While the landmark health care law is having a huge impact on our health care system, but its political impact faded long ago.
A fun Twitter fight broke out yesterday after political analyst Charlie Cook declared that everything would have been fine for the Democrats right now if they had never passed Obamacare back in 2010 and instead “focused on the economy” (whatever that means).
Jonathan Bernstein saved us all a lot of time, effort, and rage Tweeting by summing up why this argument is totally wrong:
Cook is right that the relatively weak economic recovery led to the 2010 and 2014 Republican triumphs.
Although having a Democrat in the White House was the main reason.
Yes, Obama might have done better on the economy with better policies, even given Republican rejectionism.
But the “focus on the economy” point (as opposed to success on the economy) is mostly bogus.
Obama’s approval fell steadily after he took office, starting in the first months when he and Congress were focused on the economy.
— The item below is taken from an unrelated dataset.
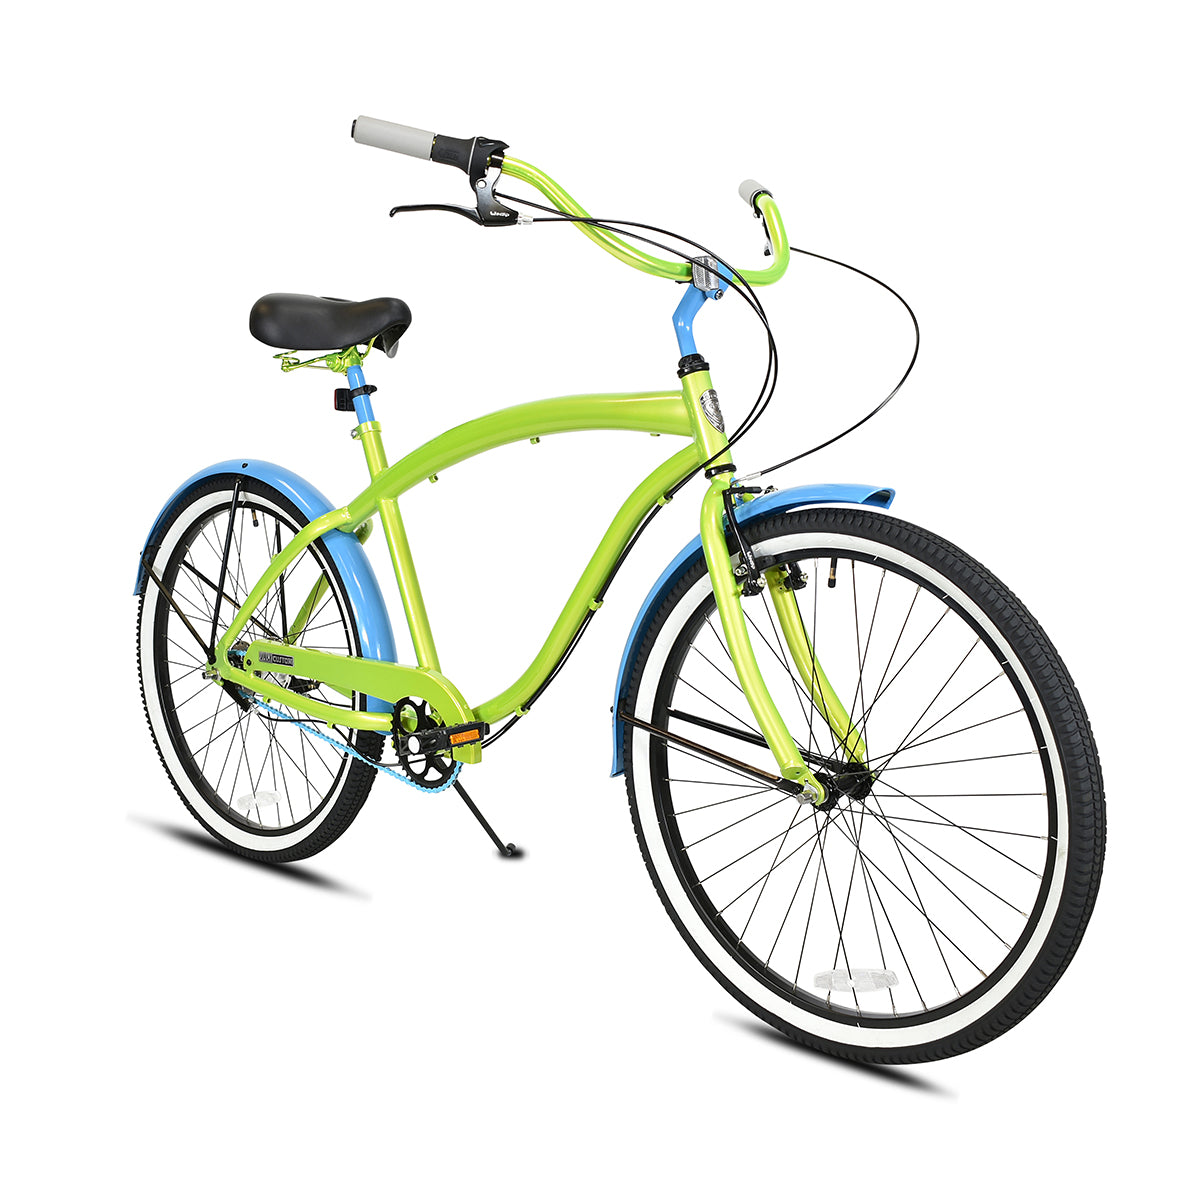 Jerry 3-Speed Cruiser Electric Lime Step-Over Frame and Handlebar with Sky Blue Fenders, Chain, and Posts and Black Tires, Shifters, Saddle, and Hand Brakes with White Wheels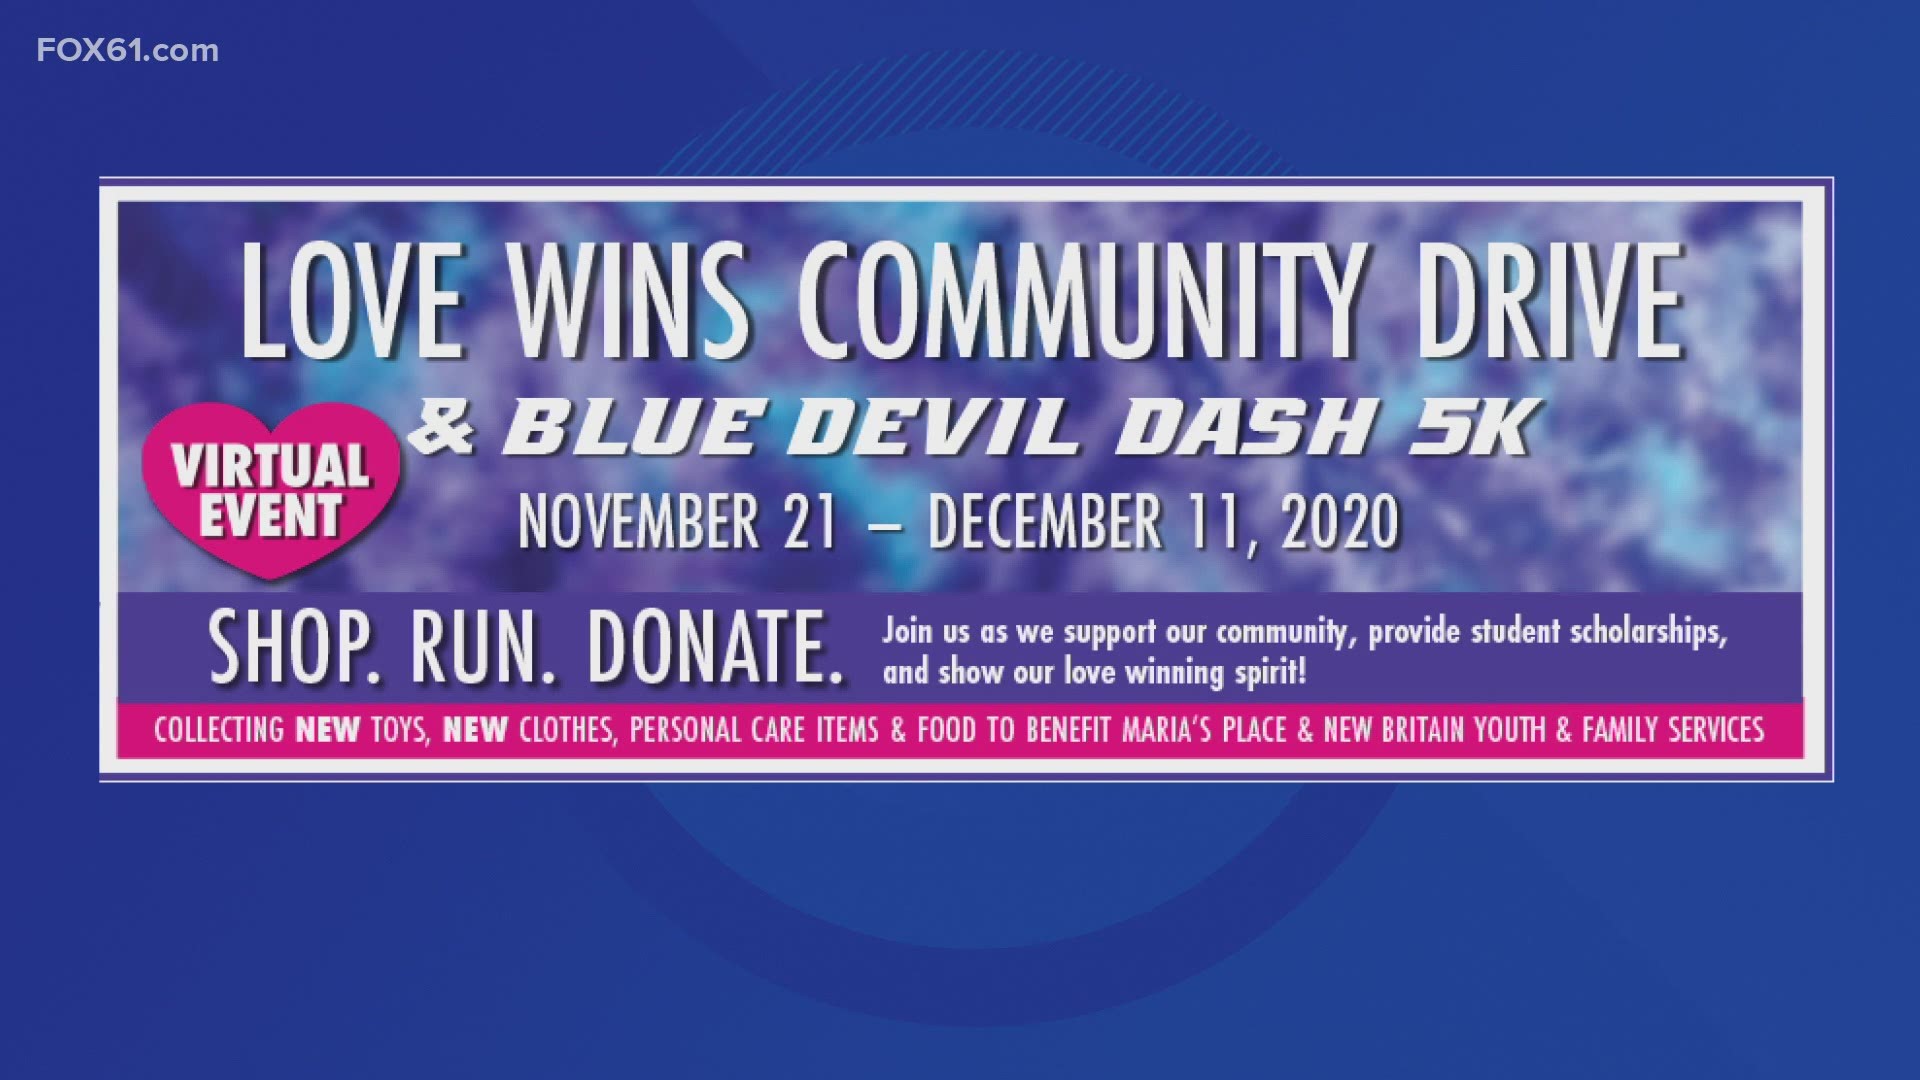 The community drive's goal is to help make a difference in the lives of individuals, children and families

The stimulus package, Detroit bailout and other Obama efforts galvanized the Tea Party and ended any Republican approval for the new president.
Democrats in the White House and Congress kept working on the economy after that.
Obama sent the Dodd-Frank financial reform bill to Congress in June 2009, and they both worked on it for the next year. That’s about the economy!
Obamacare is about the economy, too. Health security is a big part of economic security. It is mostly working as intended.
Health-care reform was a longtime Democratic priority and central to Obama’s 2008 campaign; ignoring it would have had costs.
So why the midterm defeats? That’s what happens to the party in the White House.
Ronald Reagan (who had a terrible recession) and Bill Clinton (who had a weak recovery from a recession) both had about the same approval ratings at their first midterms as Obama did.
Then both recovered strongly when the economy went into high gear.
Of course, Reagan’s party was clobbered in the 1982 and 1986 midterms anyway. It’s what happens.
A final point: Austerity policies championed by Republicans, and carried out largely against Obama’s preferences, slowed the recovery — and hurt the Democrats in 2012 and 2014.
That’s all exactly right. Or to put it another way, there’s no evidence that Obamacare impacted the 2014 elections because Republicans themselves, unlike in 2010 or 2012, largely ignored the law in their campaign rhetoric.
The common response to these sorts of argument is that the term “Obamacare” tends to poll badly, which is true. The problem with this argument is that there’s absolutely no evidence that significant chunks of the American electorate are actually motivated by hatred of one specific law as opposed to being motivated by things like partisan affinity or the tendency of the electorate to vote against the President’s party in midterm elections. Instead the causal effect probably goes in the opposite direction. That is to say Republican political leaders talk about why they don’t like Obamacare and so Republican voters take their cues from them and respond to pollsters by telling them that they don’t like Obamacare.
We saw the same type of phenomenon back when lots of Americans kept claiming in polls for years that Saddam Hussein was behind 9/11 even after that claim had been totally debunked. Those folks were probably just following partisan cues left over from the Bush Administrations rush to war.
Our modern understanding of statistics and how random samples can be used to represent populations as a whole allows us to be able to do some pretty cool things. It wouldn’t be hard at all to figure how computer ownership differs in different groups in Mississippi according to annual income, race, and geographic location via a pretty basic telephone survey. But the fact that we can do that doesn’t necessarily give us any greater insight into why voters do what they do.
The reality is that the vast majority of last week’s election results are explainable via historic trends like which party is in the White House and Presidential approval. Health care policy had very little to do with it, and an alternative scenario where Obama did nothing on health care back in 2009 and 2010 would probably have resulted in very similar outcomes last week (assuming that alternate Obama won reelection)
If that had happened though, pundits surely would be writing articles about how things would have been so much better for the Democrats if only Obama hadn’t been a coward and followed through with his promises on health care all those years back.